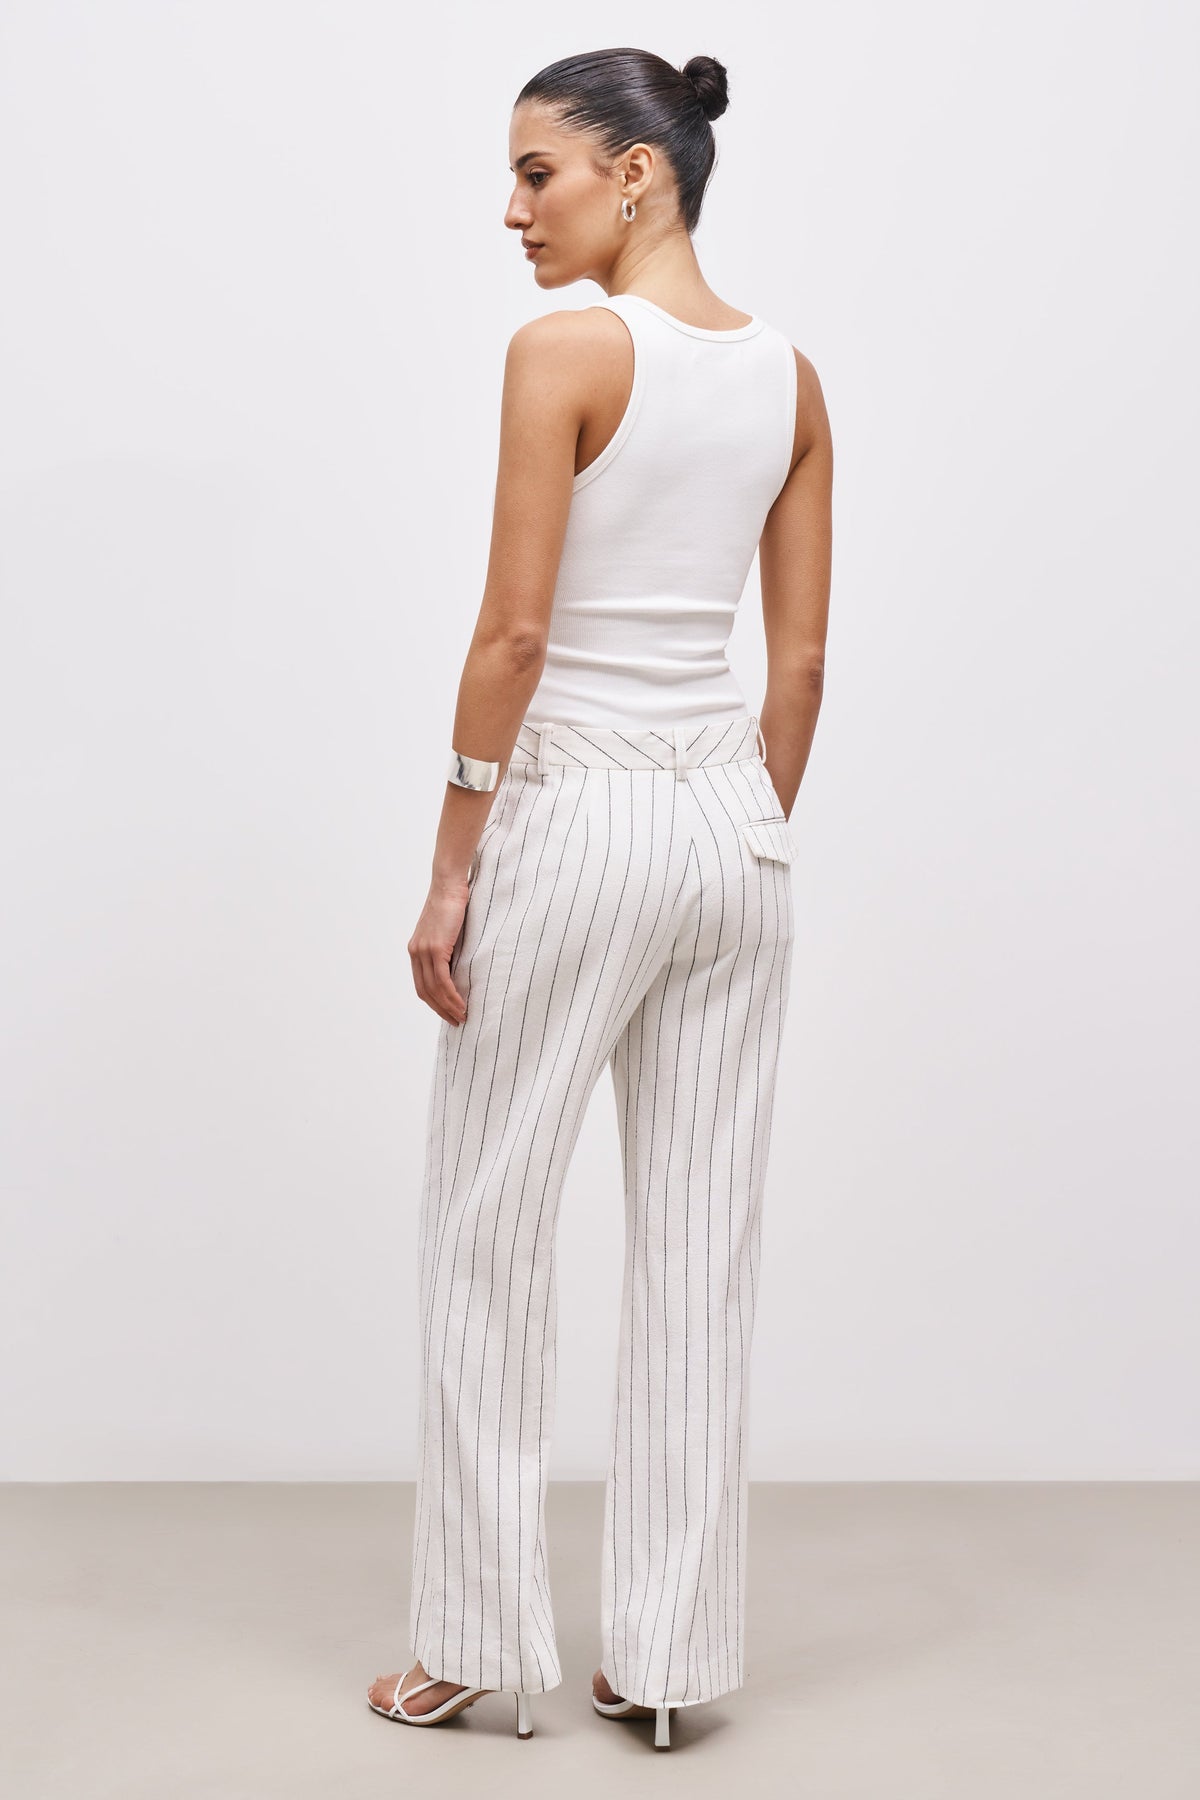 Tailored Linen Trousers - Cream/Black
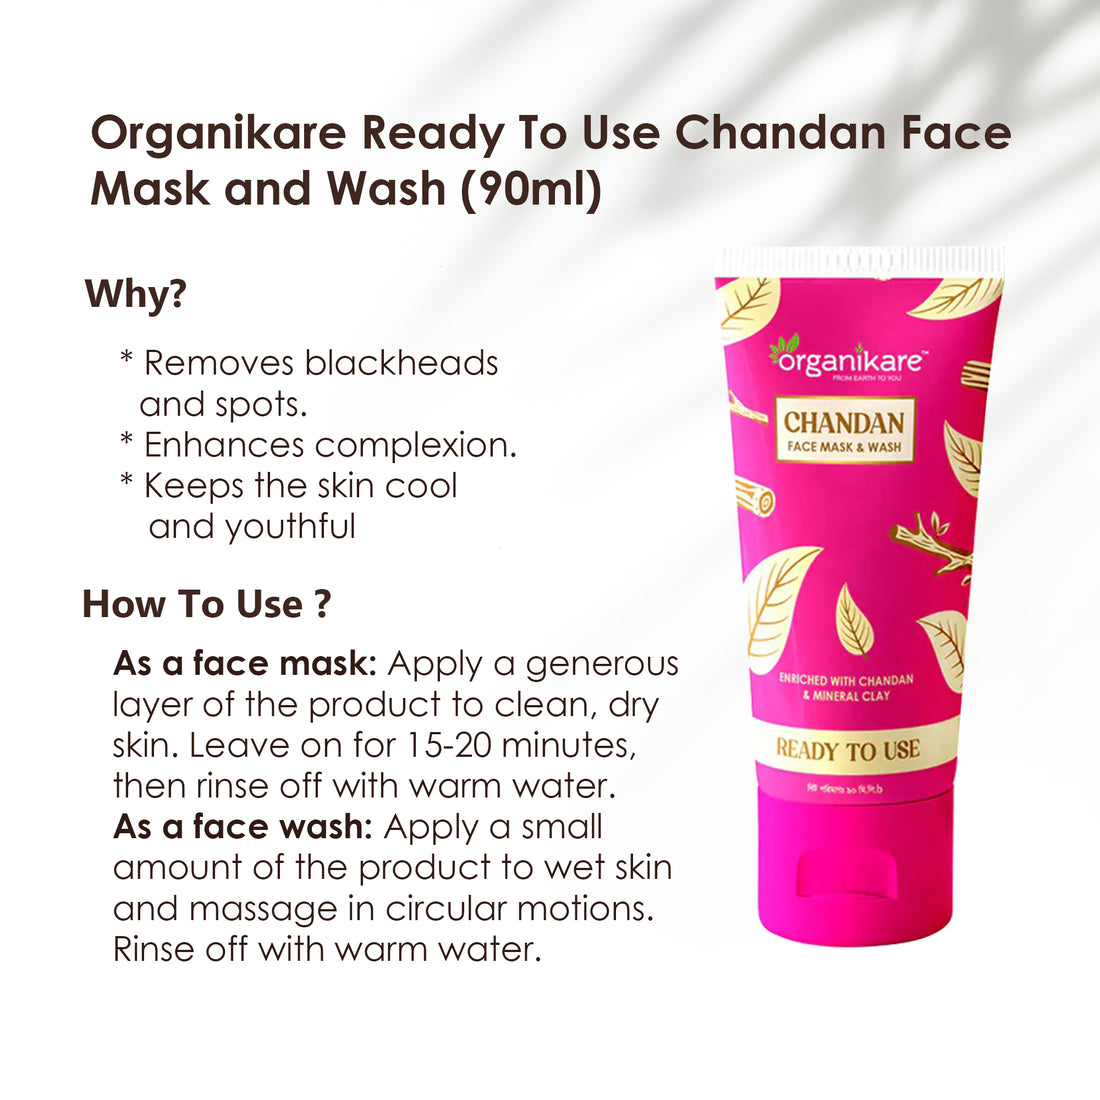 Organikare Ready To Use Chandan Face Mask and Wash (90ml)
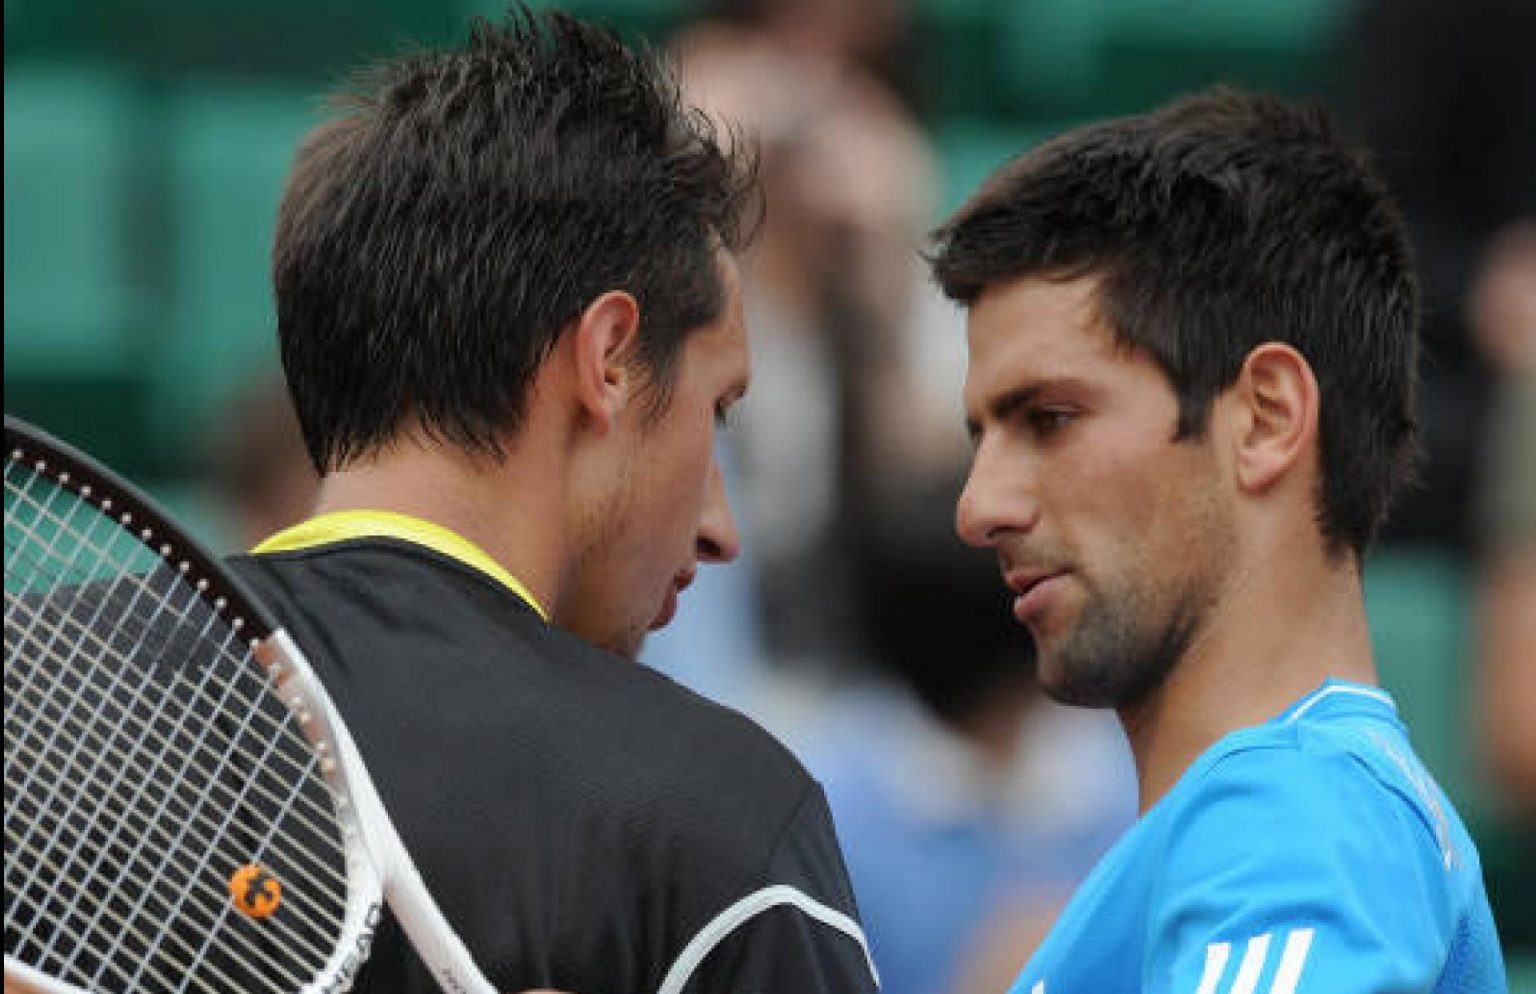 Former Ukrainian tennis player shares what Novak Djokovic did amid the Russian invasion
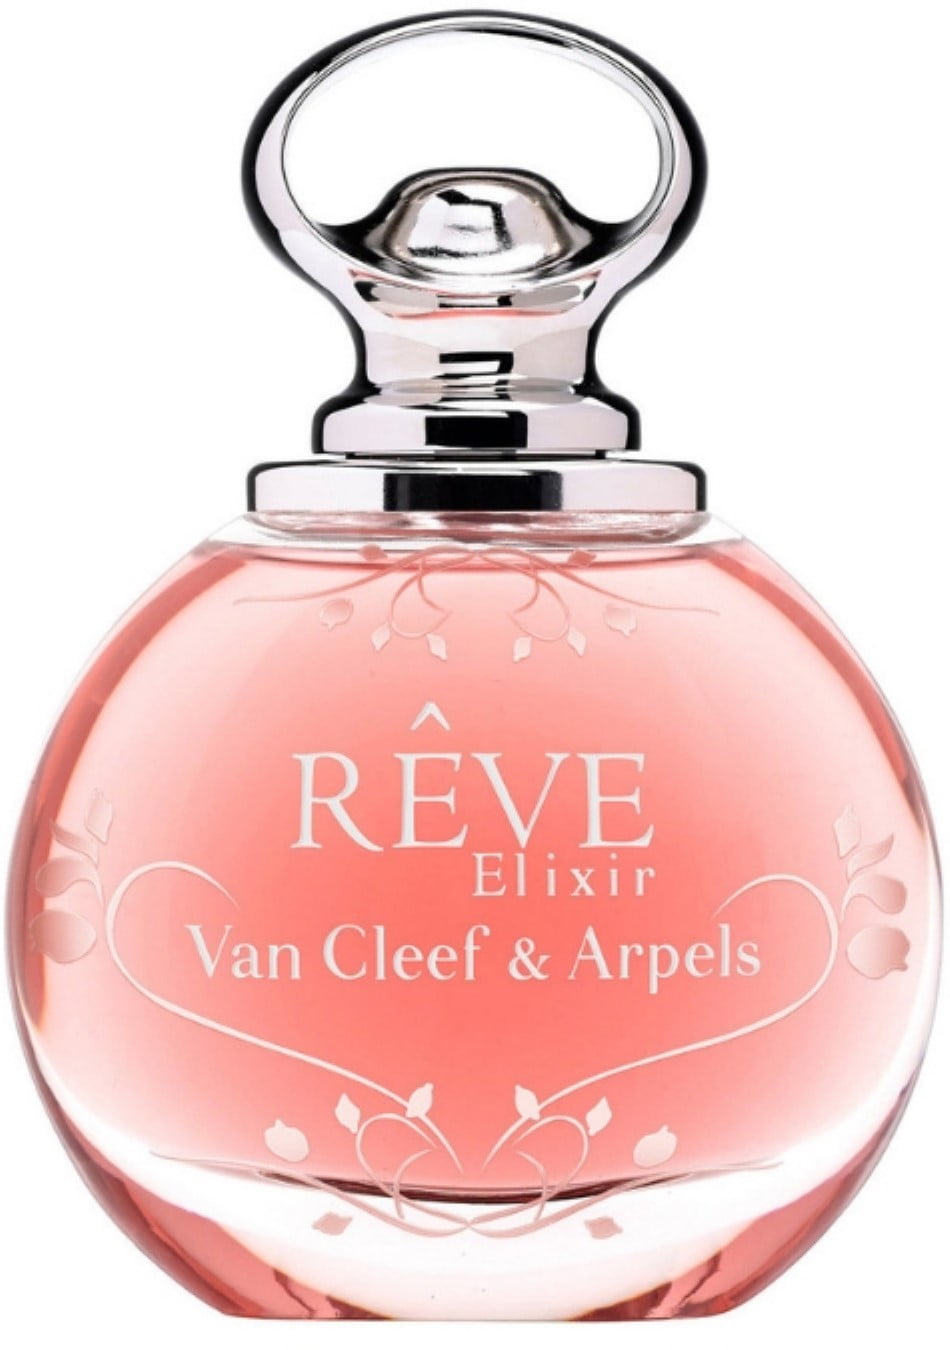 Van Cleef & Arpels, Reve Elixir Eau Parfum Spray - Walmart.com
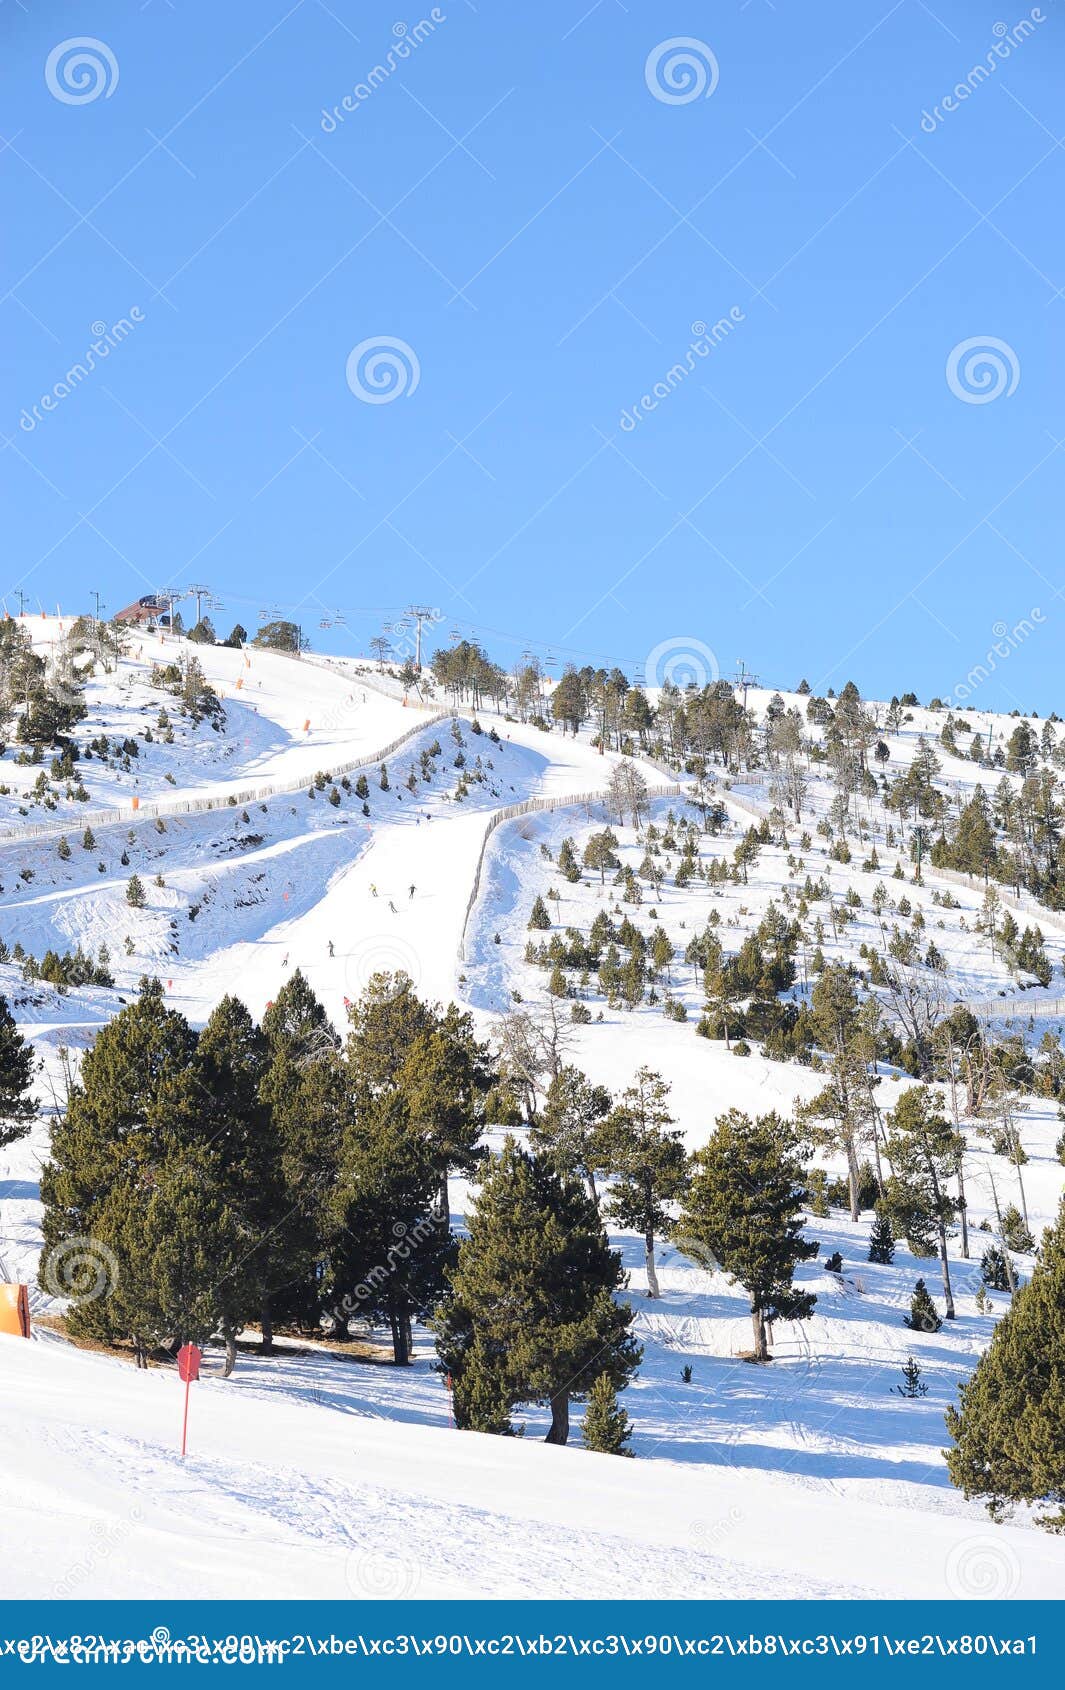 the ski slopes of la serra, vallnord, the sector of skiing pal, the principality of andorra, europe.
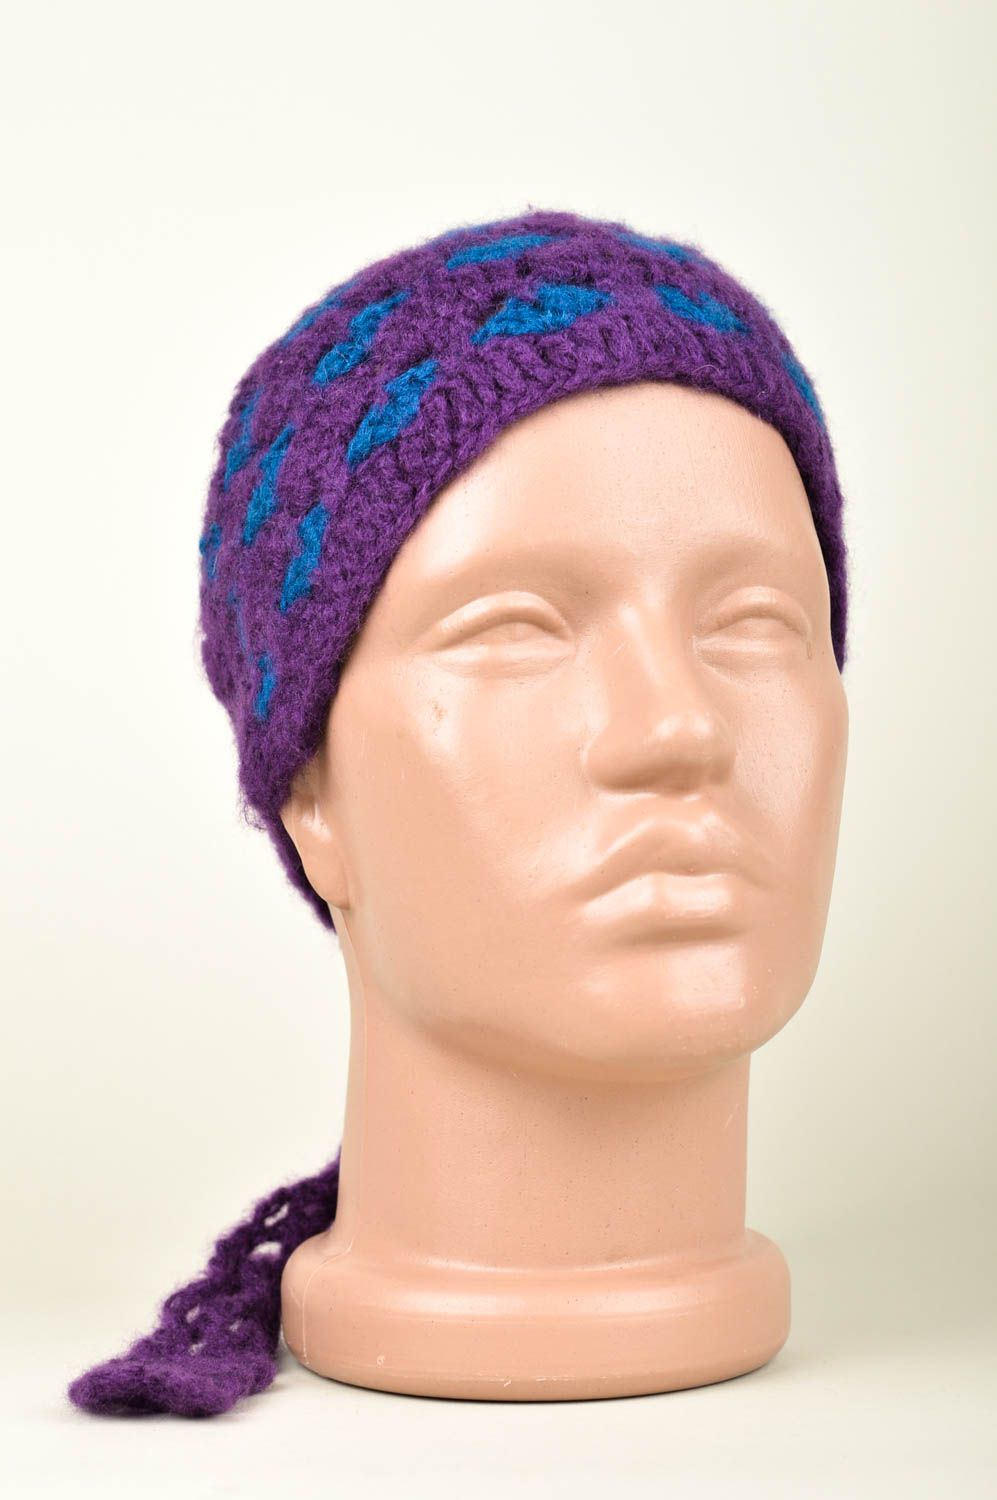 Handmade crochet headband crochet ideas head accessories for kids small gifts photo 1
::::
Each line above should be returned exactly as it stands, minus any pictures.

 Tailored Linen Trousers - Cream/Black
 Organikare Ready To Use Chandan Face Mask and Wash (90ml)
 Former Ukrainian tennis player shares what Novak Djokovic did amid the Russian invasion
 Van Cleef & Arpels, Reve Elixir Eau Parfum Spray - Walmart.com
 the ski slopes of la serra, vallnord, the sector of skiing pal, the principality of andorra, europe.
 Handmade crochet headband crochet ideas head accessories for kids small gifts photo 1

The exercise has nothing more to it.